Basan Shrestha's Diary: Two Category Discrete Probability Distribution of Sampling Without Replacement and EXCEL Function, Statistical Note 23

Friday, July 13, 2018

Two Category Discrete Probability Distribution of Sampling Without Replacement and EXCEL Function, Statistical Note 23

Among 40 participants in a training, 18 were vegetarians and 22 were non-vegetarians. 2 participants are selected at random one after another without replacement of the name of the first selected participant. Calculate the probability distribution of vegetarians in which the order does not matter whether the vegetarians are sampled or not in the first or second draw.
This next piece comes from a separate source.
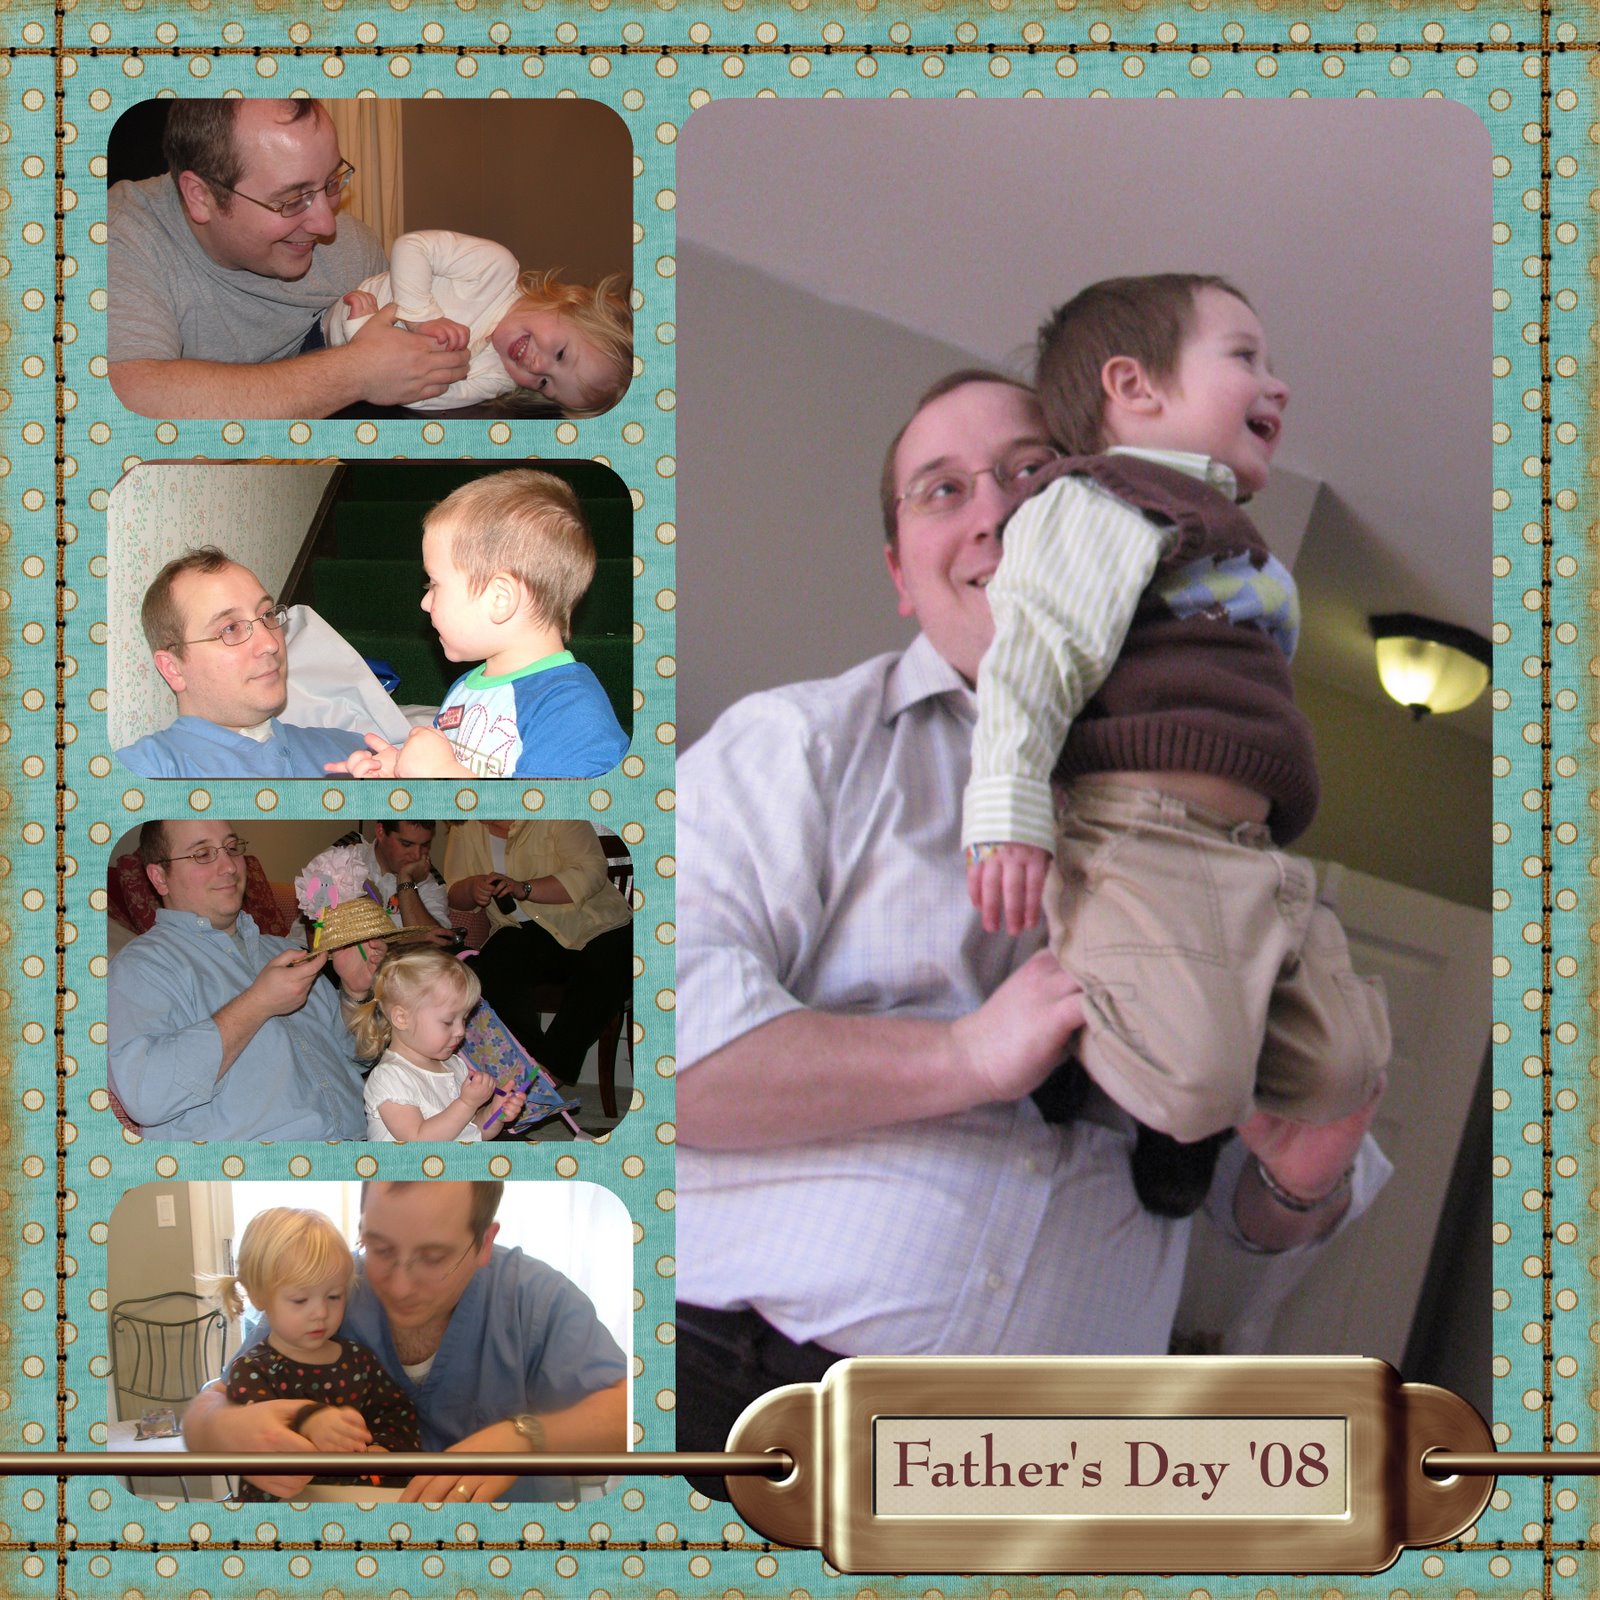 [fathers+day+08.jpg]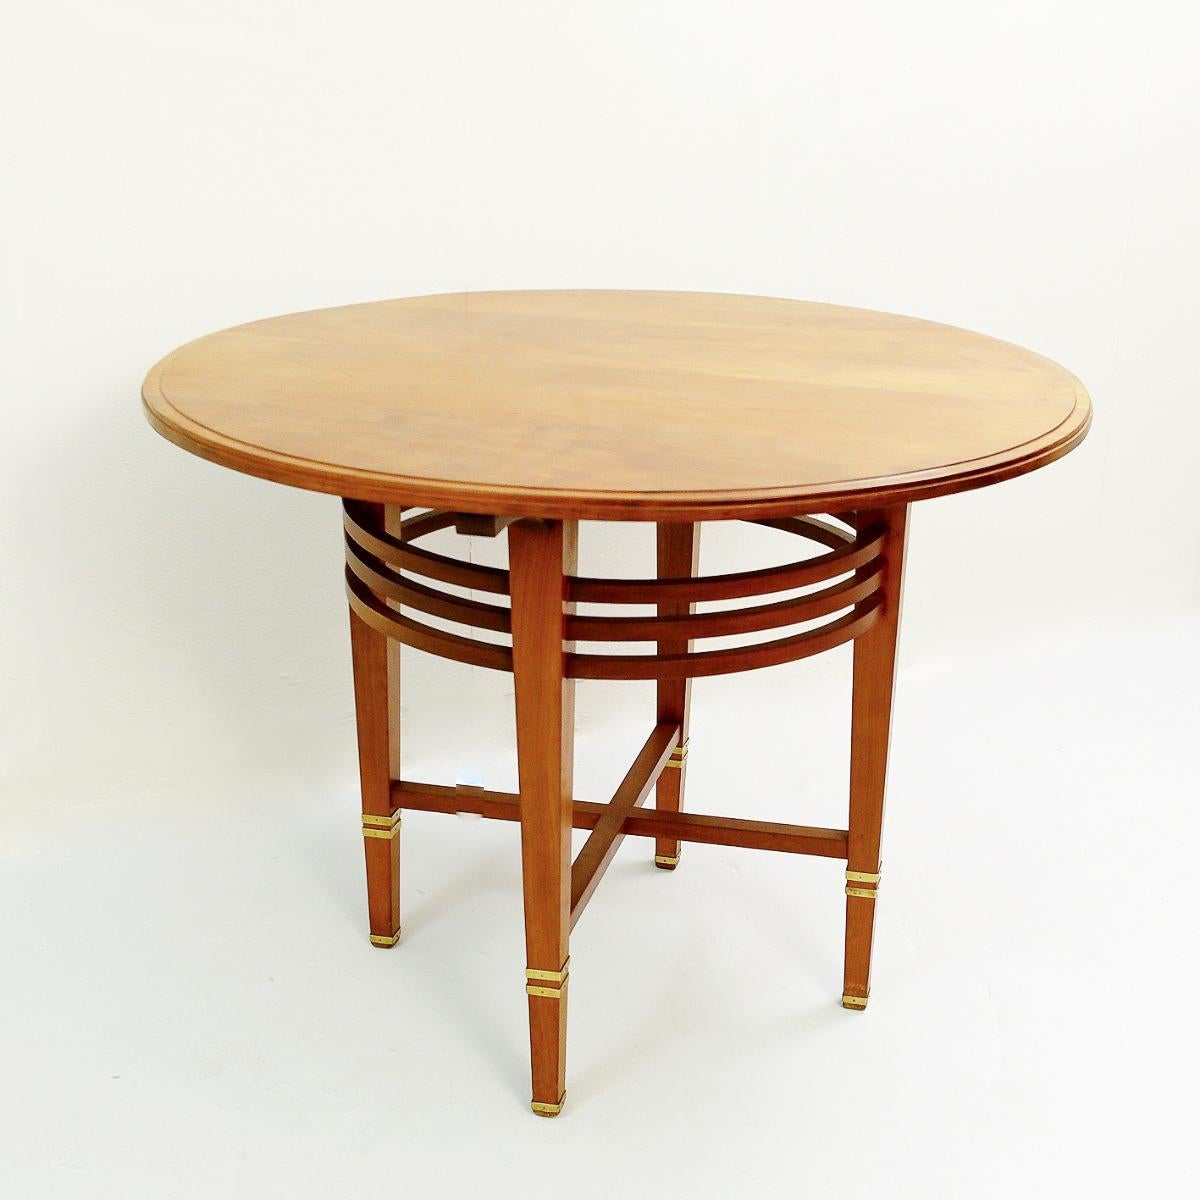 Belgian Liszt Table by Gustave Serrurier Bovy, Mahogany and Brass, 1900s For Sale

Counting the total and favorable numbers of outcomes constituting the specified number of objects sampled without replacement from the finite population is important to calculate the probability of favorable events. Excel software is commonly available in the desktop or the laptop and is an important means to calculate the discrete probability distribution. I take an example from my Statistical Note 18, and will show how calculate the discrete probability distribution without replacement using Excel function. Refer to that note for conceptual clarity on using the tree diagram and formula to calculate the Hypergeometric probability distribution.

EXCEL Function

Excel software has a ‘Formulas’ tab, which has ‘Insert Function’ command under ‘Function Library’ group. Select ‘HYPGEOM.DIST’ function from the list of all function. The ‘HYPGEOM.DIST’ formula has five fields ‘Sample-s’, ‘Number_sample’, ‘Population_s’, ‘Number_pop’ and Cumulative’ as shown in Diagram 1.

Diagram 1: Selection of ‘HYPGEOM.DIST’ function in Excel Data Worksheet

The field ‘Sample_s’ takes the number of successes in trials. In this example, this field takes the value from zero to two vegetarians as indicated from B2 to B4 cells in Diagram 1. Because, in the sample of two participants there could be no vegetarian, one vegetarian or two vegetarians selected. In this calculation, one vegetarian in two independent draws of participants has been used as shown in the cell B3 in the table as well as an argument box in Diagram 1.

The field ‘Number_sample’ is the sample size. In this example, two participants were sampled without replacement and thus two was entered into this field of the function arguments in Diagram 1.

The field ‘Population_s’ is the number of successes in the population. This example has 18 vegetarians out of 40 participants. Thus, 18 was entered into the field of the function argument box in Diagram 1.

The field ‘Number_pop’ is the population size. This example has a total of 40 participants. Thus, 40 was entered into this field of the function argument in the diagram 1.

The field ‘Cumulative’ is a logical value that determines the form of the function. If ‘Cumulative’ is ‘FALSE’, ‘HYPGEOM.DIST’ calculates the probability mass function (PMF), which gives the probability associated with the value assigned to the field ‘Sample_s’ as the number of successes. Thus, ‘FALSE’ was entered into the function argument box in Diagram 1.

Fixing all five fields in the function arguments, ‘HYPGEOM.DIST’ function calculated the PMF equal to 0.507. It means that there is 50.7 percent chance that one of two participants sampled without replacement will be a vegetarian. This is equal to the value manually calculated in my Statistical Note 18.

The cumulative distribution function (CDF) is another important probability calculation. If the field ‘Cumulative’ takes the value TRUE, the ‘HYPGEOM.DIST’ results in the CDF, which gives the probability up to the number of successes mentioned in the field ‘Sample_s’. In this example, the probability upto 1 vegetarian selected is the sum of probability of no vegetarian or non-vegetarian selected in both samples and the probability of one vegetarian selected between two participants sampled. The logical value ‘TRUE’ is used an shown in both the function argument box and the dataset with the cell value ‘N53’ that gives the CDF equal to 0.8038 as shown in Diagram 2.

Diagram 2: ‘HYPGEOM.DIST’ Function Arguments Using Dataset in Excel Worksheet and using ‘TRUE’ logical value in the field ‘Cumulative’

It means that there is 80.3 percent chance that up to one vegetarian will be selected in two participants sampled without replacement. This is equal to the one manually calculated in the Statistical Note 18.

PMFs and PDFs can be undertaken for all number of successes, that is the number of two non-vegetarians (no vegetarian), one vegetarian and two vegetarians out of two participants sampled without replacement as shown in tables and argument functions in both diagrams 1 and 2.

Discussion in this note and my former Statistical Note 18 indicates that both manual and auto calculation produce the same values and are useful to calculate the discrete probability distribution without replacement. Thus, conceptual understanding is a backbone and automatization is efficient. Thus, both are important knowledge and skill sets.